Refinancing: How Sweet It Is
We’ve had a 6 percent 30-Year fixed mortgage since we bought our house in 2005. With rates at historic lows, we, like many people, started looking into refinancing earlier in the year, but had to put it on hold until we got tax extensions, and then returns, filed. When we spoke with the mortgage specialist…
We’ve had a 6 percent 30-Year fixed mortgage since we bought our house in 2005. With rates at historic lows, we, like many people, started looking into refinancing earlier in the year, but had to put it on hold until we got tax extensions, and then returns, filed. When we spoke with the mortgage specialist at Chase in February the conforming loan limit for a two-family house in Brooklyn was just south of $800,000. When we got on the phone yesterday morning we were pleased to learn that the conforming limit had recently been raised to $934,200; the single-family limit is $729,750. We were able to do a 90-day lock for a 1/4 point at 5 percent. Here’s where you have to start to question how low prices can really go: With rates where they are right now, you could, say, buy a $1.2 million house and lock in mortgage payments of $5,000 a month; assume you make $1,500 on your rental and you’re down to $3,500; throw in the tax breaks and you’re down to $2,500; add back in $1,000 a month for taxes and insurance and you’re back up to $3,500. $3,500 a month to own your own house in New York City and have, say, 2,400 square feet of living space for yourself (three out of four floors). The trickier part comes when you need to finance more than that $934,200. Have any readers gotten financing for significantly more than that recently? How did you structure it? We heard from Chase that HELOCs are quite hard to get right now?

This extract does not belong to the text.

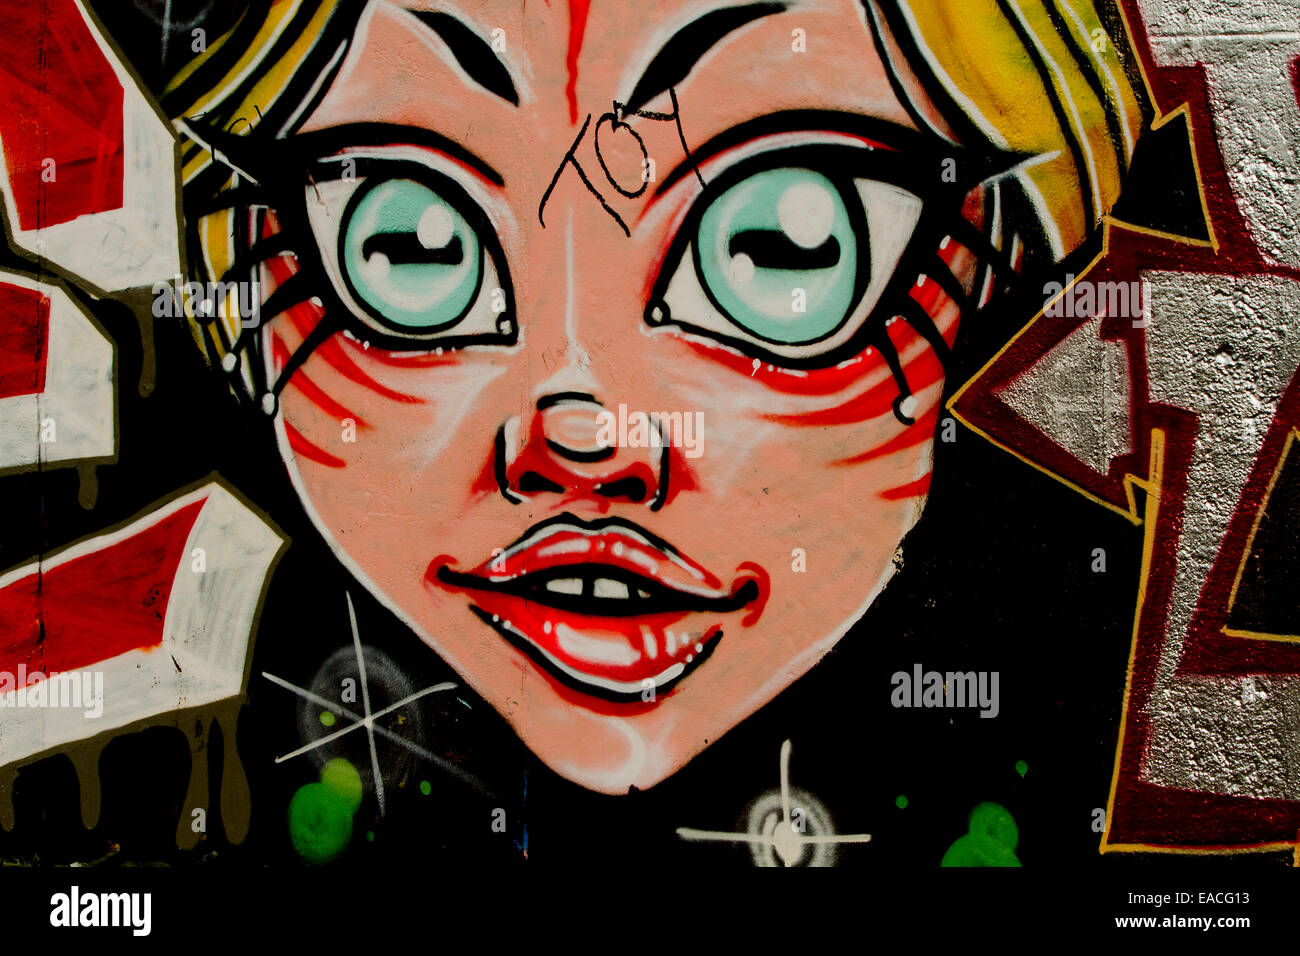 Graffiti street art Berlin wall cartoon girl face Stock Photo

And I still don’t see it. Lets take a $1,000,000 home, you put 20% down, have an $800,000 mortgage at 7% interest rate, resulting in a monthly payment of $5,322. By the end of year 3, you will have paid off $26,000 in principal, left with $774,000. Whether you refi or not, either way you are left with $774,000. If you refi to 5%, your monthly payment is now $4,154 versus $5,322. What is your point? That there will be an extra 3 years at the end of the mortgage? Doesn’t have to be, just continue to pay the $5,322, except now, instead of $808 going towards principal repayment, there is $2,100 going towards principal repayment. You pay the loan off considerably earlier
“If Brownstoner refi’s then he will flush 3.5 years of hard work paying off the first mortgage down the drain and will have to start all over again!”
I guess the question is: has he already paid down the principal enough that those 3.5 years of payments weren’t wasted? Hate to say it, but What may be right, because those first 3.5 years are almost entirely interest payments, aren’t they?
On another point, these refis only work if you have enough equity, right? For those who bought at the height of the market with 10% down, it’s unlikely their property will be appraised at a high enough rate to permit them to refinance. So what happens when all the folks with 5-year variable mortgages are suddenly hit with larger monthly payments, but they can’t refinance? That’s another crisis in the making.
For Ontheparkway, remember that any building improvements or repairs you make that also affect the rental portion of your house are tax deductible for that portion, so that will offset the taxes a bit. (For a $1000 plumbing job, you’d deduct 25% for a 4-story w/ garden floor rental.)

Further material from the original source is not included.